Die Meerleute konnte man mit gutem Recht als polyglott bezeichnen. Besonders Tiku, Siria und die nordischen Nixen waren in einigen Sprachen bewandert, weil es das Zusammenleben mit den Menschen ganz einfach mit sich gebracht hatte. Bei ihrer schnellen Auffassungsgabe hatten die Mitglieder des Wilson-Clans auch die jeweils andere Sprache fast im Vorbeigehen mit gelernt.

Sogar Kirk, der von sich selbst sagte, denkfauler zu sein, als die anderen Meerleute, paukte Sprachen.

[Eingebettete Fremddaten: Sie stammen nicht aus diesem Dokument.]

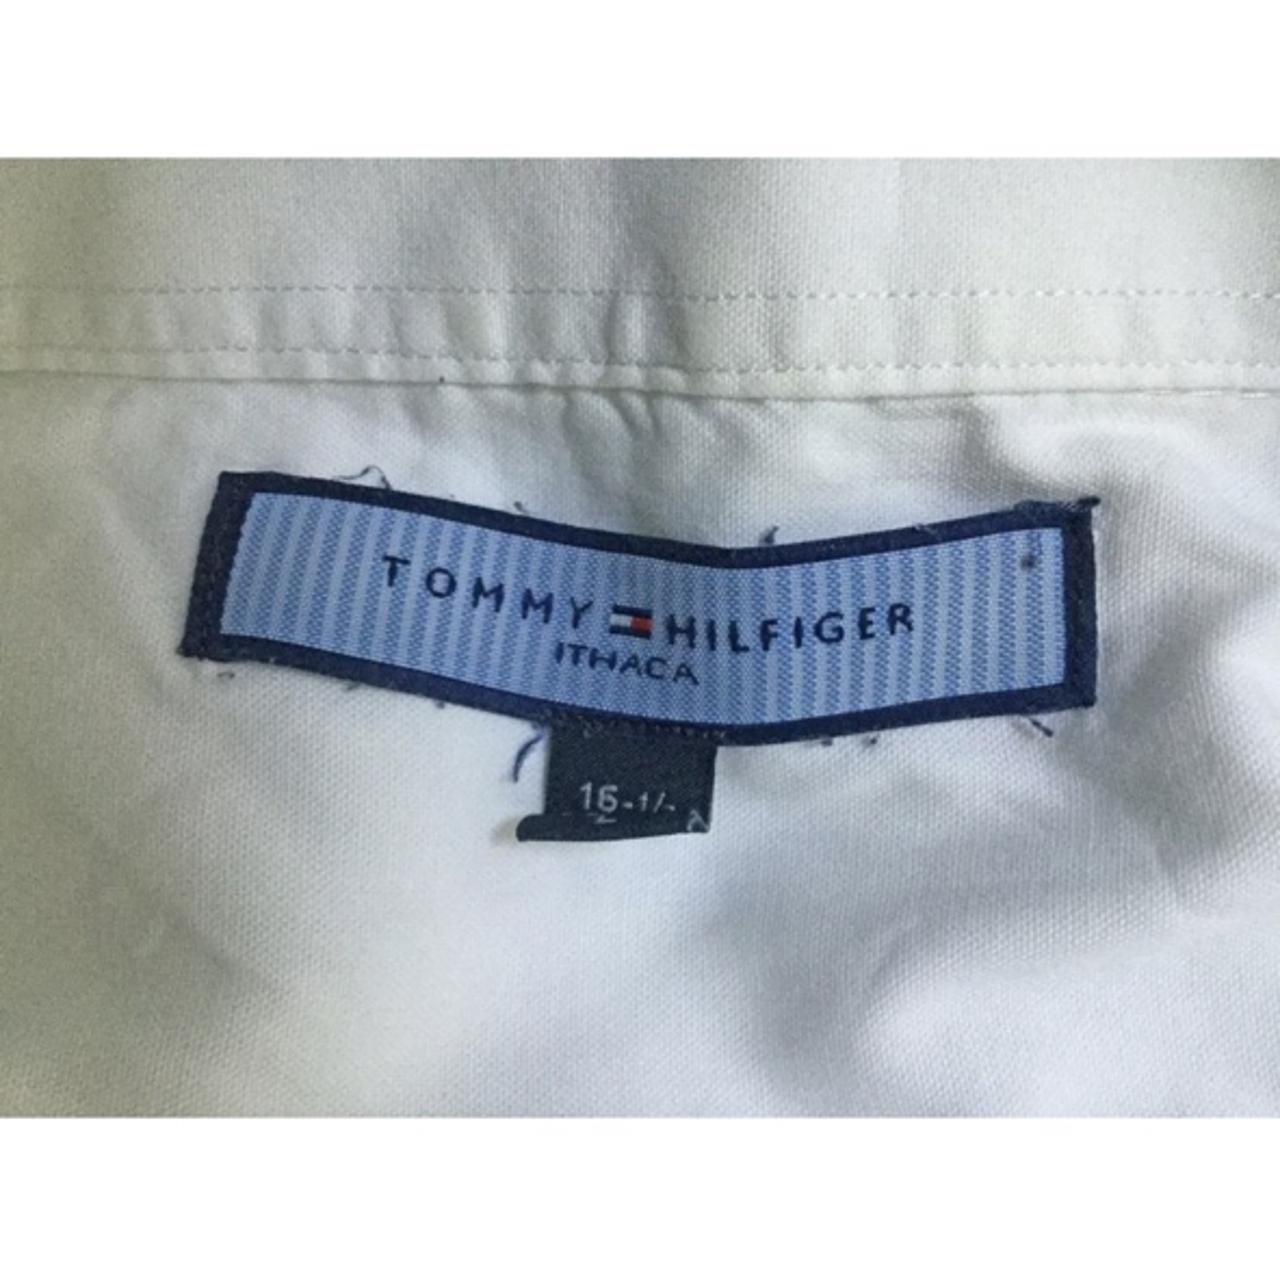 Tommy Hilfiger RN 36543 white cotton shirt size 16.5... - Depop

Hin und wieder schüttete er Ammon sein Herz aus. „Klar kratzt es mich sehr an der Ehre, dass ich, als halber Rakaa, und meinem Vater optisch ähnlich, ihm nicht das Wasser reichen kann. Ich bemühe mich aber, nicht als völliger Versager in die Familienchronik einzugehen.“

Ammon legte ihm eine Hand auf die Schulter. „Ich denke, der letzte Tanz hat gezeigt, dass du keiner bist.“

Kirks Augen glänzten verschmitzt. Ja, der letzte Tanz ... Auch in den Wohngrotten der einsamen Damen erklang schon bald Kinderlachen. „Danke“, seufzte er.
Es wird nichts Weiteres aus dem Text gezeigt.